As described in detail above, according to the first embodiment, whether or not the orientation of the housing 1 corresponds to a horizontal state or nearly horizontal state is determined based on digital data of triaxial acceleration detected by the acceleration sensor 4. When it is determined during a radio transmission period that the orientation of the housing 1 corresponds to the horizontal state or nearly horizontal state, the switching signal SS is supplied to the switch 33 of the antenna 3 a via the switching signal generation circuit 13 a, thereby connecting the antenna element 31 to the ground via the resistor 34.
Therefore, when a current of the antenna element 31 flows through the resistor 34, it is turned into a heat energy by the resistor 34, and the antenna gain in both the side surface and bottom surface directions of the housing 1 are consequently suppressed. For this reason, even when the side surface portion and bottom surface portion where the antenna 3 a is arranged of the housing 1 contact or are close to the user, as shown in, for example, FIGS. 4A, 4B, and 4C, the influence of transmission radio waves on the user can be suppressed.

Second Embodiment

FIG. 5 is a perspective view showing the outer appearance of a portable information terminal according to the second embodiment.
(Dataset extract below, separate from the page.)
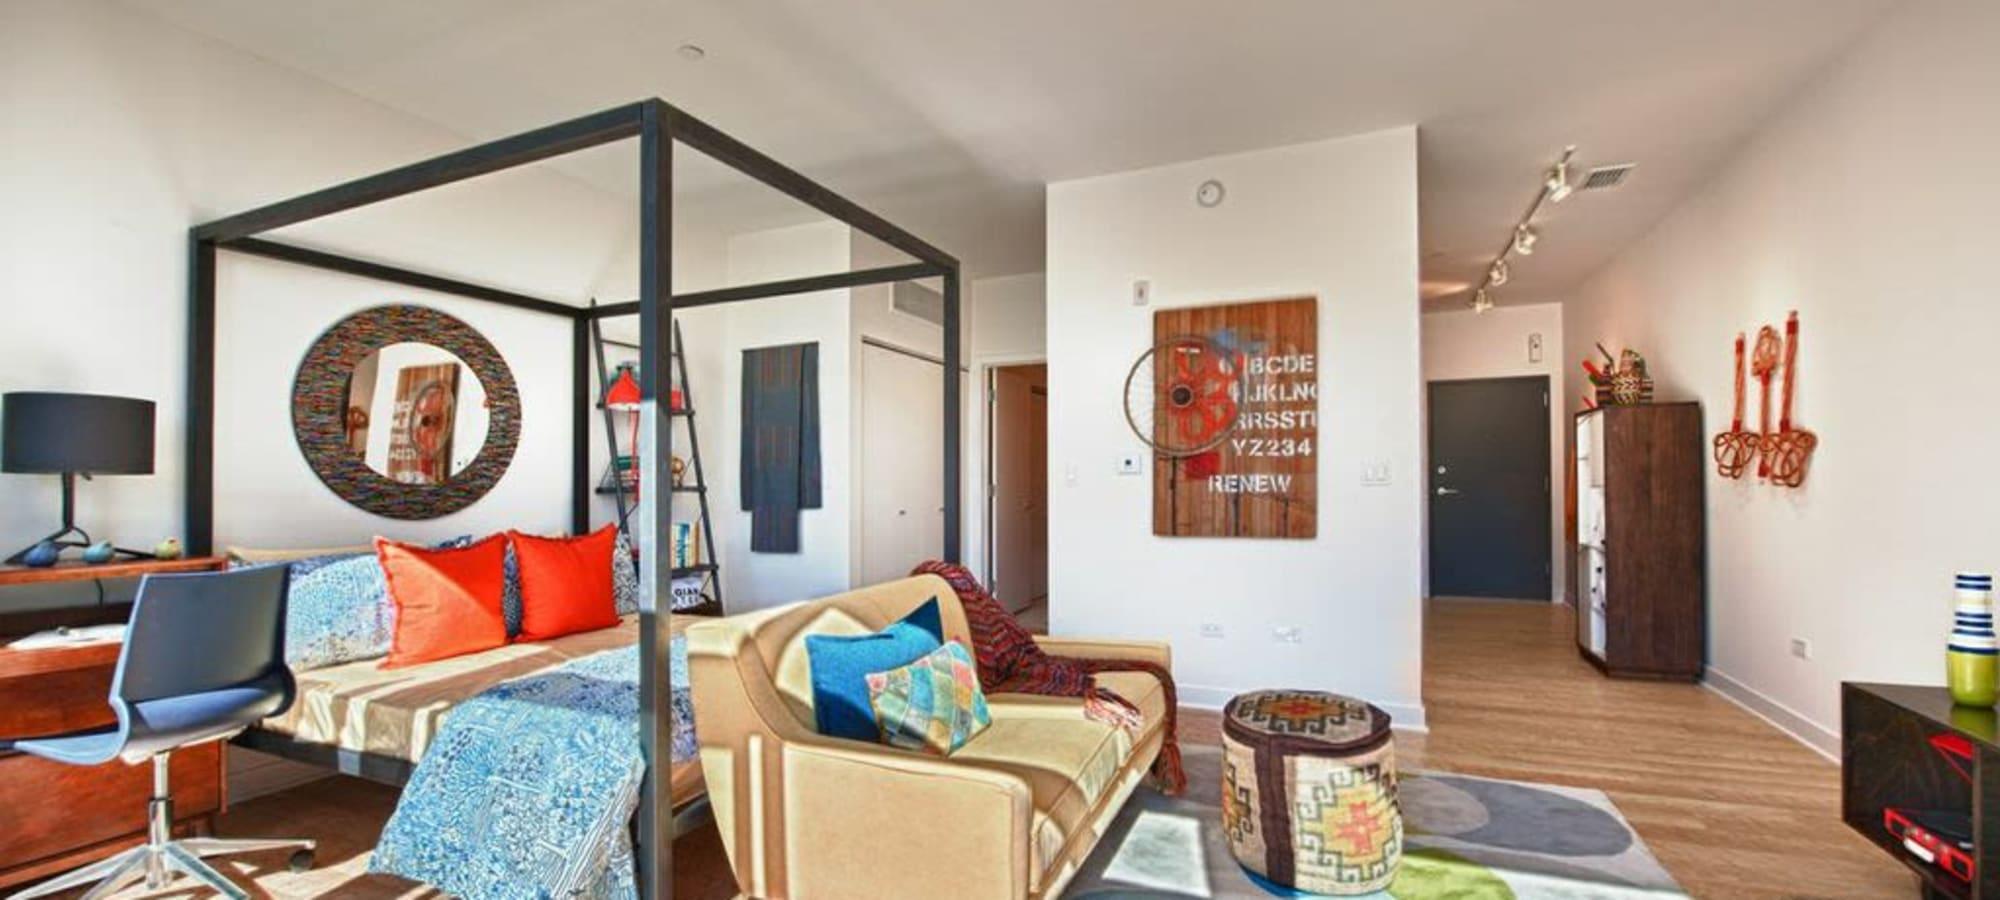 Domus offers a luxury bedroom in Phoenix, Arizona

Note that the same reference numerals in FIG. 5 denote the same parts as in FIG. 1, and a detailed description thereof will not be repeated.
On a bottom portion in the vicinity of the same side as that where an antenna 3 a is arranged in a housing 1, a proximity sensor 5 is arranged. The proximity sensor 5 includes, for example, a capacitance sensor, and detects the proximity of a human body in the side surface and lower surface directions of the side where the antenna 3 a is arranged of the housing 1.
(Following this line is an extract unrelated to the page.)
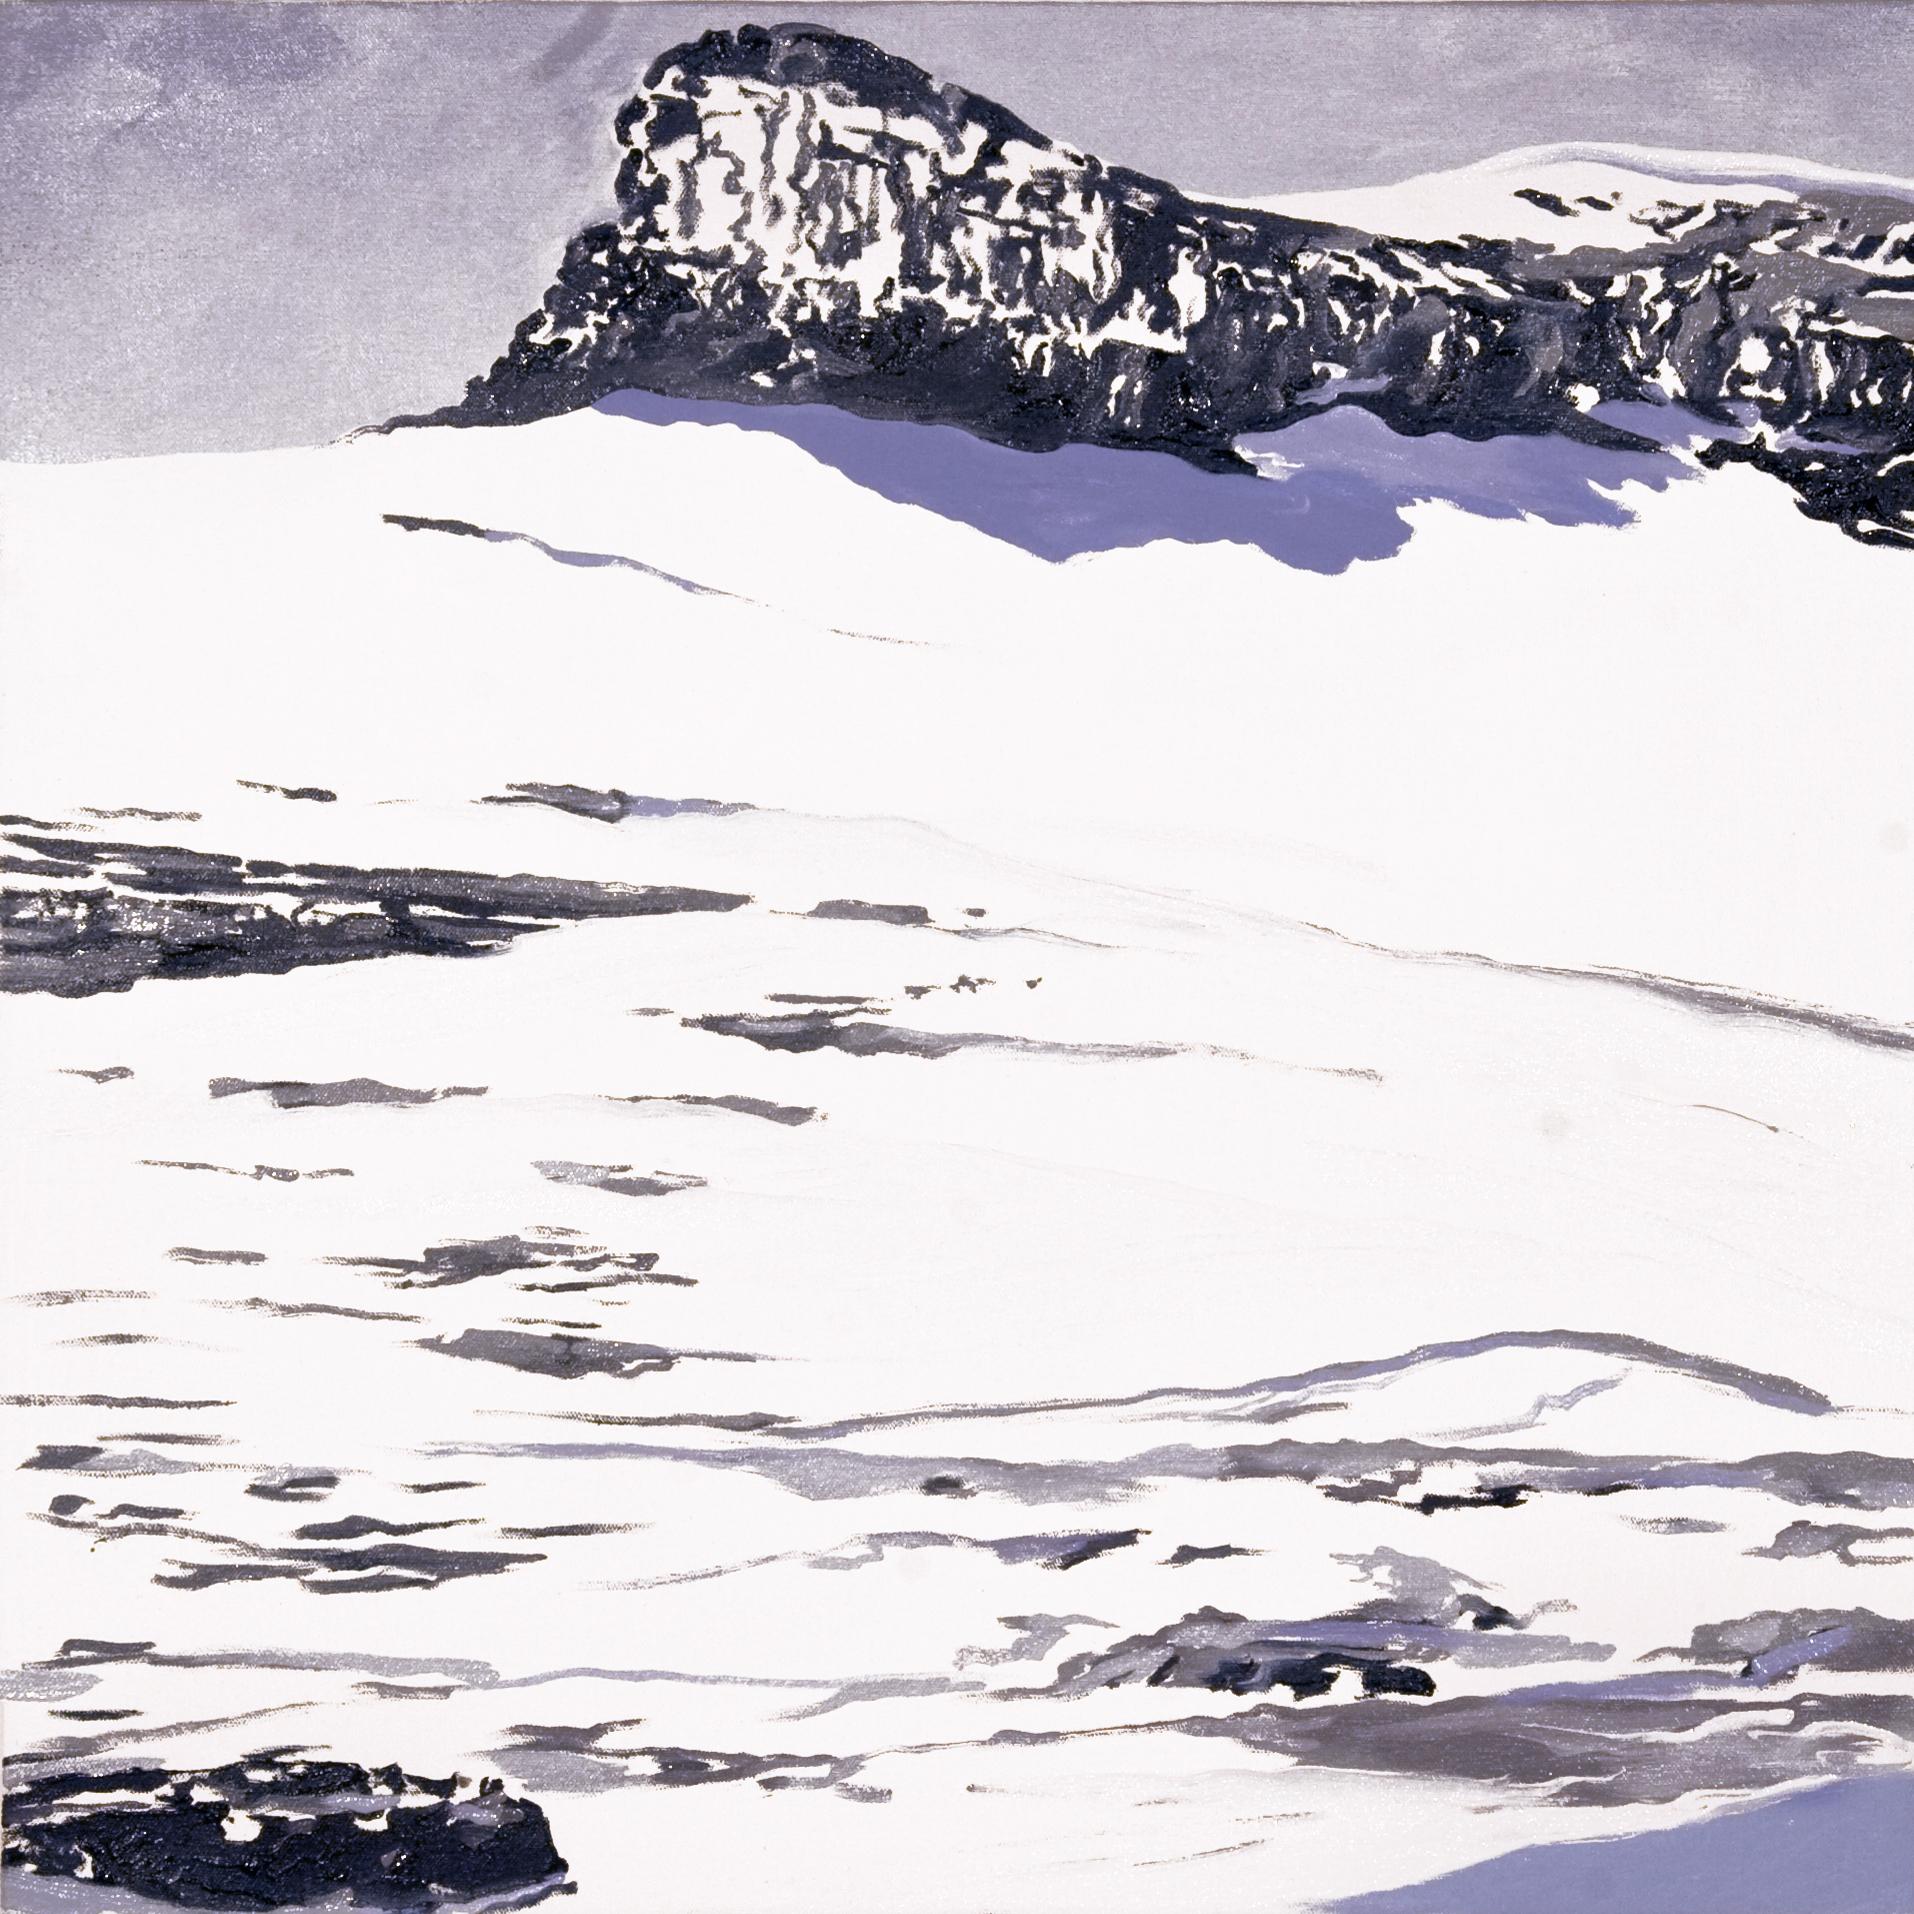 Boulder Glacier 1932, after T.J. Tileman

FIG. 6 is a functional block diagram of the portable information terminal according to the second embodiment. Note that the same reference numerals in FIG. 6 denote the same parts as in FIG. 2, and a detailed description thereof will not be repeated. Also, the arrangement of the antenna 3 a is the same as that shown in FIG. 3, and a description thereof will not be repeated.
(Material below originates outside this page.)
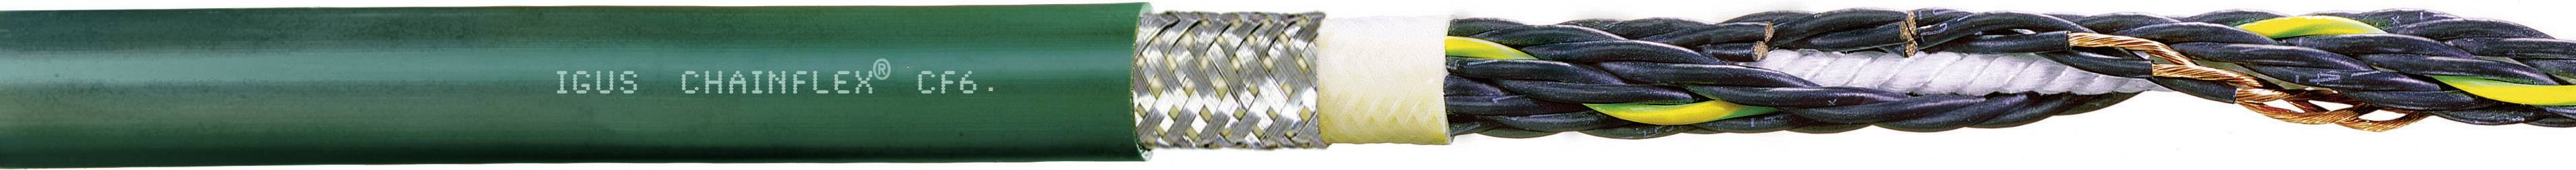 Řídicí kabelové vedení igus Chainflex® CF6.10.05, 5x 1 mm², Ø 9,5 mm, stíněný, 1 m

A proximity detection signal output from the proximity sensor 5 is converted into digital data by a sensor I/F 11 together with an acceleration detection signal output from acceleration sensor 4, and these digital data are then fetched by a main control unit 10 b.
The main control unit 10 b includes an orientation determination unit 101, proximity determination unit 103, and radiation suppression controller 102 b as control functions required to implement this second embodiment. Of these units, the proximity determination unit 103 fetches digital data of the proximity detection signal output from the proximity sensor 5 from the sensor I/F 11. Based on this fetched data, the proximity determination unit 103 executes processing for determining whether or not a human body gets close to the side surface portion or bottom surface portion of the side where the antenna 3 a is arranged of the housing 1 so as to fall within a predetermined distance range.
During a radio transmission period, when the orientation determination unit 101 determines that the orientation of the housing 1 corresponds to a horizontal state or nearly horizontal state, and the proximity determination unit 103 determines that a human body gets close to the side surface portion or bottom surface portion of the side where the antenna 3 a is arranged of the housing 1 to fall within a predetermined distance range, the radiation suppression controller 102 b supplies a switching control instruction required to suppress a transmission power of a radio signal to be transmitted from the antenna 3 a to a switching signal generation circuit 13 a.
With this arrangement, the orientation determination unit 101 of the main control unit 10 b fetches digital data of triaxial acceleration detected by the acceleration sensor 4 from the sensor I/F 11, and monitors the orientation of the housing 1 based on this data during the operation of the terminal. At the same time, the main control unit 10 b fetches digital data of a proximity detection signal output from the proximity sensor 5 from the sensor I/F 11, and monitors, based on this data, the proximity of a human body to one or both of the side surface portion and bottom surface portion of the side is monitored where the antenna 3 a is arranged of the housing 1.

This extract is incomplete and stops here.